Sega cuts video game losses by streamlining business
Sega Sammy today reported reduced revenues and profits for its second fiscal quarter, due mainly to poor amusement machine and pachinko sales -- although its video game business continued to benefit from streamlining.
The company's consumer business, which houses its video game business, saw a heavy reduction in losses, thanks to streamlining that saw a reduction in the number of titles the company released.
The company noted its continued efforts to adapt to the changing business environment, as the industry gears itself towards social and smartphone games. It blamed "turmoil in the global financial markets, mainly in Europe, and the economic slowdown of emerging nations" for the remaining losses.

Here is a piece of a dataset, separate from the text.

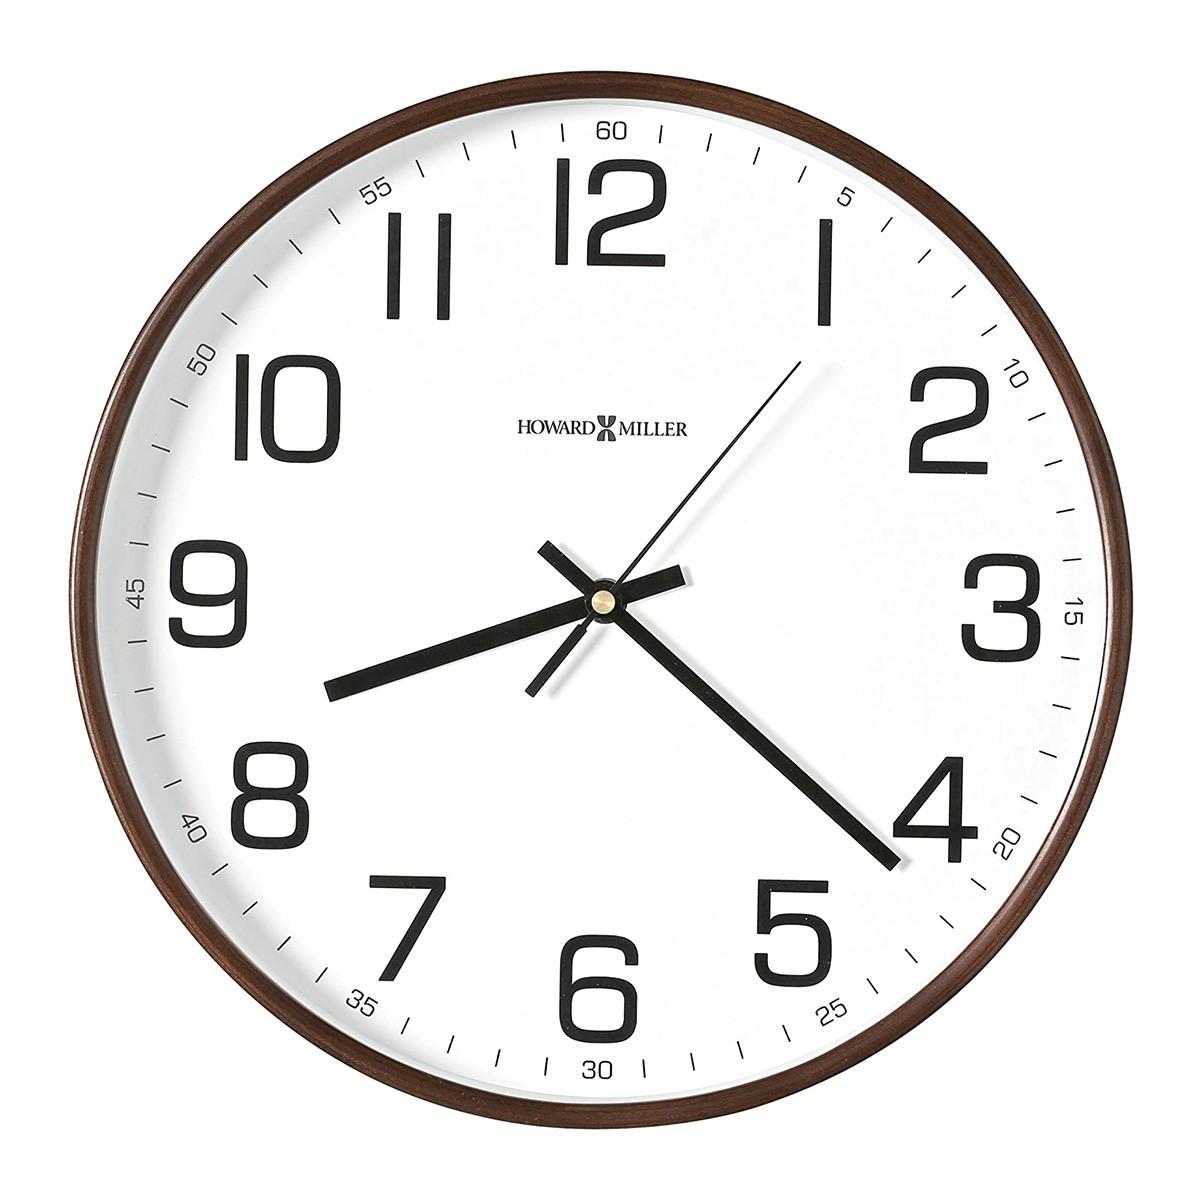 Howard Miller Kenton Timber Round Wall Clock, 32cm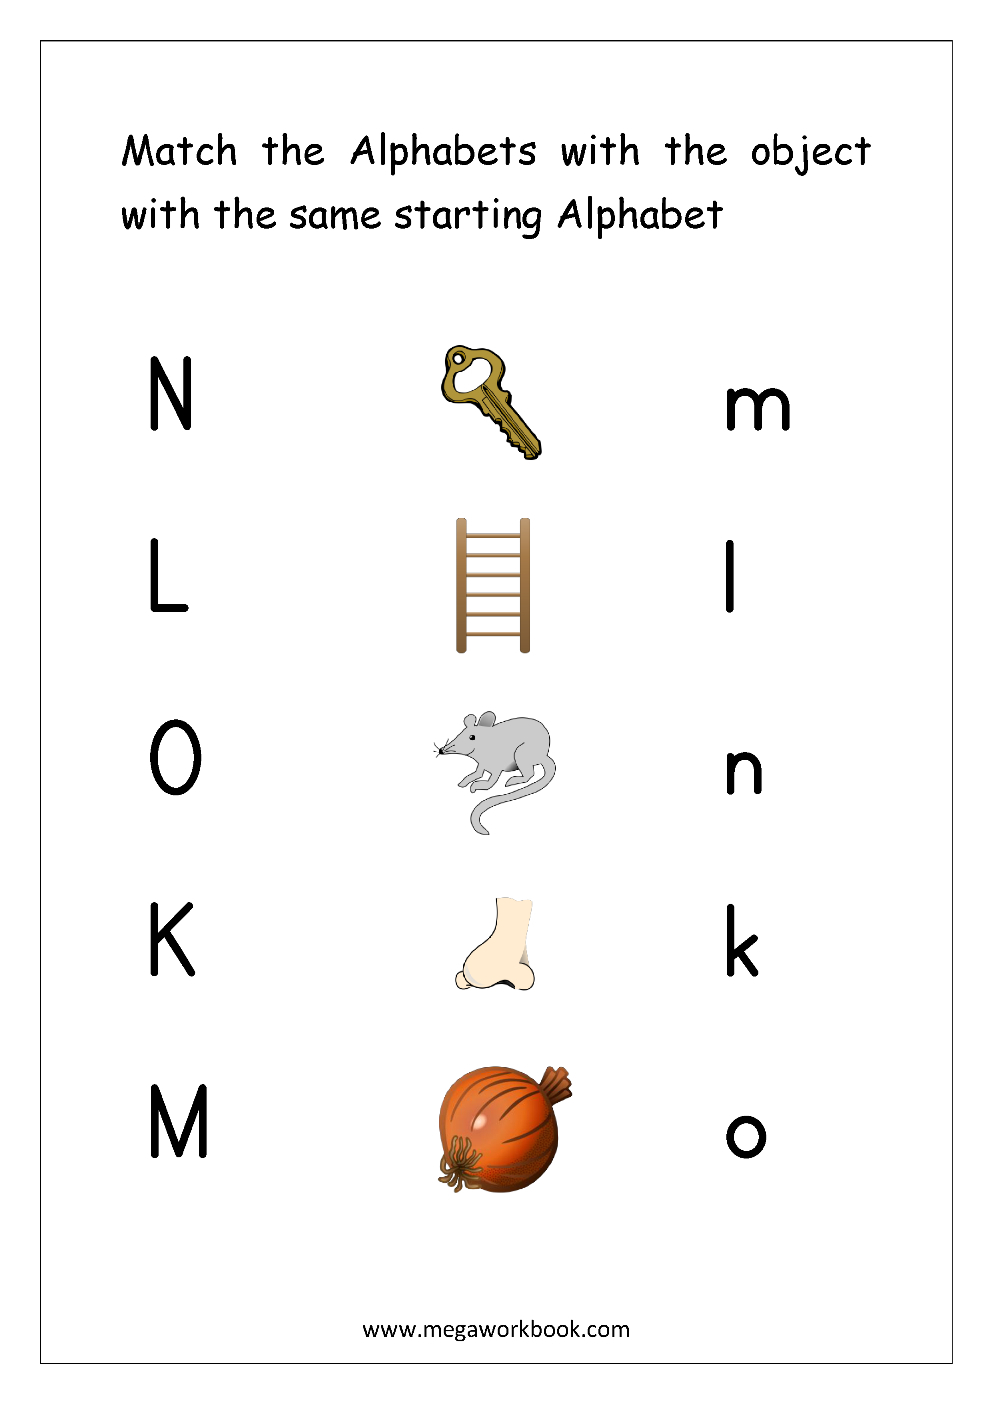 Free English Worksheets - Alphabet Matching - Megaworkbook for Alphabet Matching Worksheets With Pictures

Hatsune Miku Project Diva F sales were strong, said the company, as were continued sales of games released in previous quarters. In terms of mobile games, Sega said that Kingdom Conquest is selling strongly, while the Pokelabo-developed The Clan Battle of Fate is looking promising.
In comparison, Sega's pachinko and amusement machine businesses saw reduced profits, due to a lack of major new titles, noted the company.
For the quarter through September 30, 2012, Sega's consumer business saw revenues of ¥35.3 billion ($439.7 million), up 5.6 percent year-over-year, and operating losses of ¥0.7 billion ($8.7 million), improved compared to ¥6.0 billion ($74.8 million) in losses year-over-year.
Overall, the company took revenues of ¥136.5 billion ($1.7 billion), down 10.6 percent year-over-year, and profits of ¥3.8 billion ($47.3 million), down 2.6 percent year-over-year.